Biz Babadan Böyle Gördük

Halime Korkmaz

Diyordu Müslüm Gürses şarkısında...

Neydi bu “babadan böyle gördük” mevzusu? Bu cümle, insanoğlunun yaptığı ve söylediği her konuda yani davranışlarında ve sözlerinde haklı-doğru olduğunu gösteren ve kabul edilmesini zorunlu kılan en temel cümledir. Aynı derede dahi aynı suyla iki kere yıkanılmazken akan sular dahi değişirken insanın babasından-atasından gördüğü şeyler neden hiç değişime girmez. Adeta ayak diretir. Bu davranış doğru olabilir mi? Hakikaten insanların değişmesinde ve dönüşmesindeki en büyük engel, bu atalar değil midir? Atalardan böyle görme mevzusu doğru davranış, doğru söz, doğru fikirde güzel bir düşünce iken yanlış bir işte de aynı şey söyleniyorsa –ki genelde hep yalan-yanlış işlerde kullanılan bir söylemdir- bu durum ne olacak? Aynı olumsuz durumun ve davranışın genetik bir miras gibi nesilden nesile devam etmesi insanın hayat serüveninde ne kadar doğru bir süreç oluşturmaktadır?

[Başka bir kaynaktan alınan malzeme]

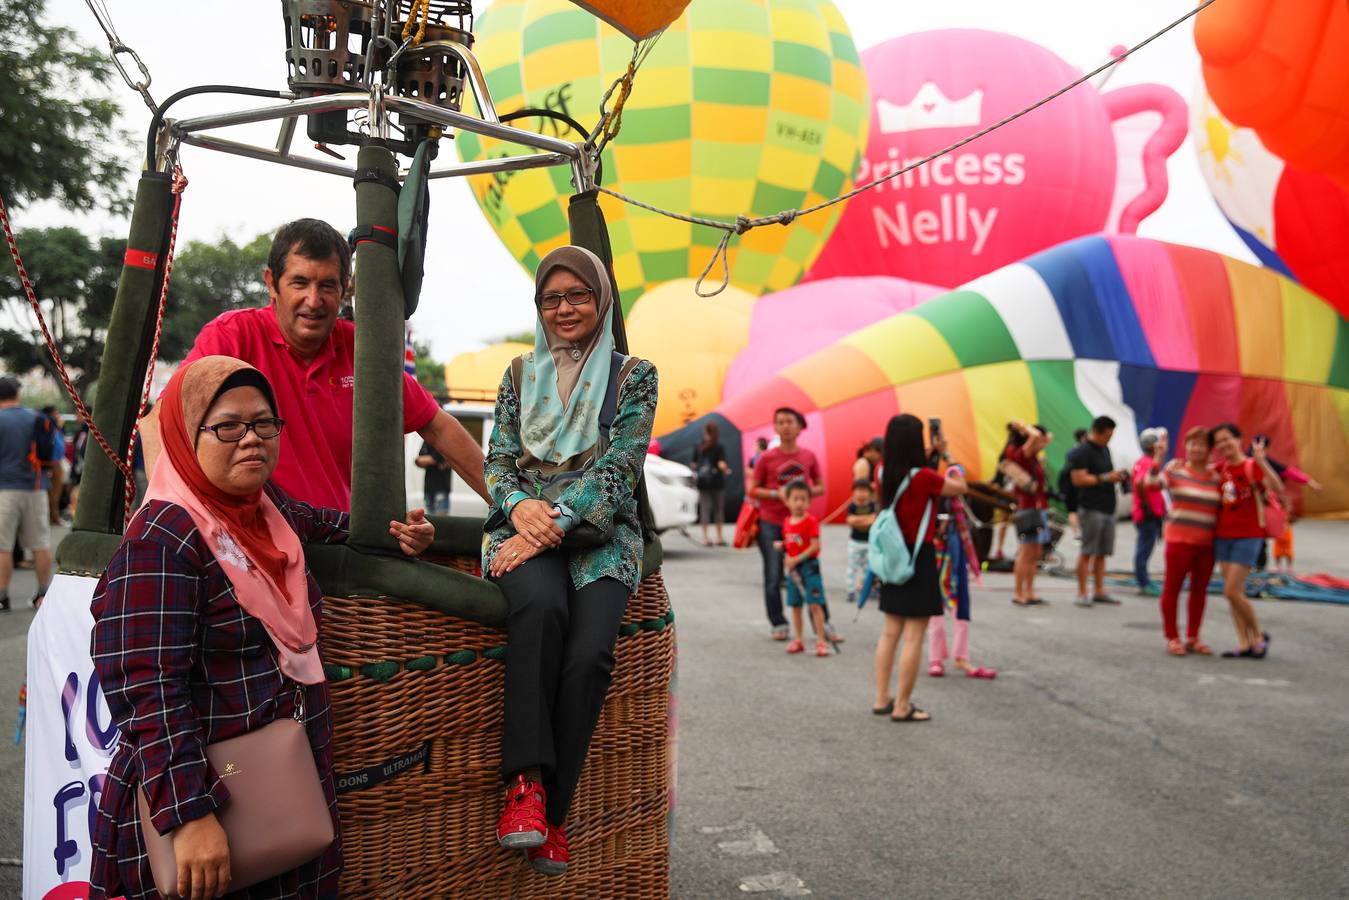 Varias personas asisten a la décima Fiesta Internacional de Globos Aerostáticos de Putrajaya (Malasia). Más de 20 globos aerostáticos volaron por los cielos en la fiesta anual, organizada para promover el turismo y los deportes de aviación.

Gerek bizim toplumumuzda gerek bizden önce dünyada ayak izleri olmuş toplumlarda var olan söylem: “Anadan-atadan böyle gördük.” şeklindeki beyandır. Bu söyleme dikkat edersek hep bir yanlışı devam ettirmek için haklı bir gerekçe olarak sunulur. Bütün peygamberlere bütün doğruyu hakkı hakikati anlatan kişilere muhatapları hep bu şekilde itiraz etmiştir. Allah’a ve O’nun peygamberlerine iman etmenin önündeki en büyük engel de “biz atalarımızdan böyle gördük” söyleminden başkası değildir. Burada insanın düşünme eyleminden uzak olduğu da ortaya çıkmaktadır. Doğru bilgiyle düşünen insan, atalarının-babalarının yanlış yapabileceğini kabul eder. İnsanın hatayı alıcı gözle görmesi için olaya ve duruma dışarıdan bir gözle bakması önemlidir. Aynı göz, aynı bakış asla doğruya ulaştırmaz. Bunu başarabilenlerin sayısı maalesef ki oldukça azdır. Hangi yüzyılda olursa olsun neredeyse hiç değişmeyen bir gerçek vardır ki, insan sevdiğindeki kusuru, hatayı, eksiği görmeye asla ve asla yanaşmaz. Hele hele işin içerisinde “ölen” biri referans ise o kişinin yaptıkları ve söyledikleri olumsuz eylemler ve söylemler dahi adeta putlaştırılırcasına konuşulmaktan imtina edilir. “Kel ölür sırma saçlı olur; kör ölür badem gözlü olur.” misali ataları kutsamak da toplumdaki ayrı bir handikaptır.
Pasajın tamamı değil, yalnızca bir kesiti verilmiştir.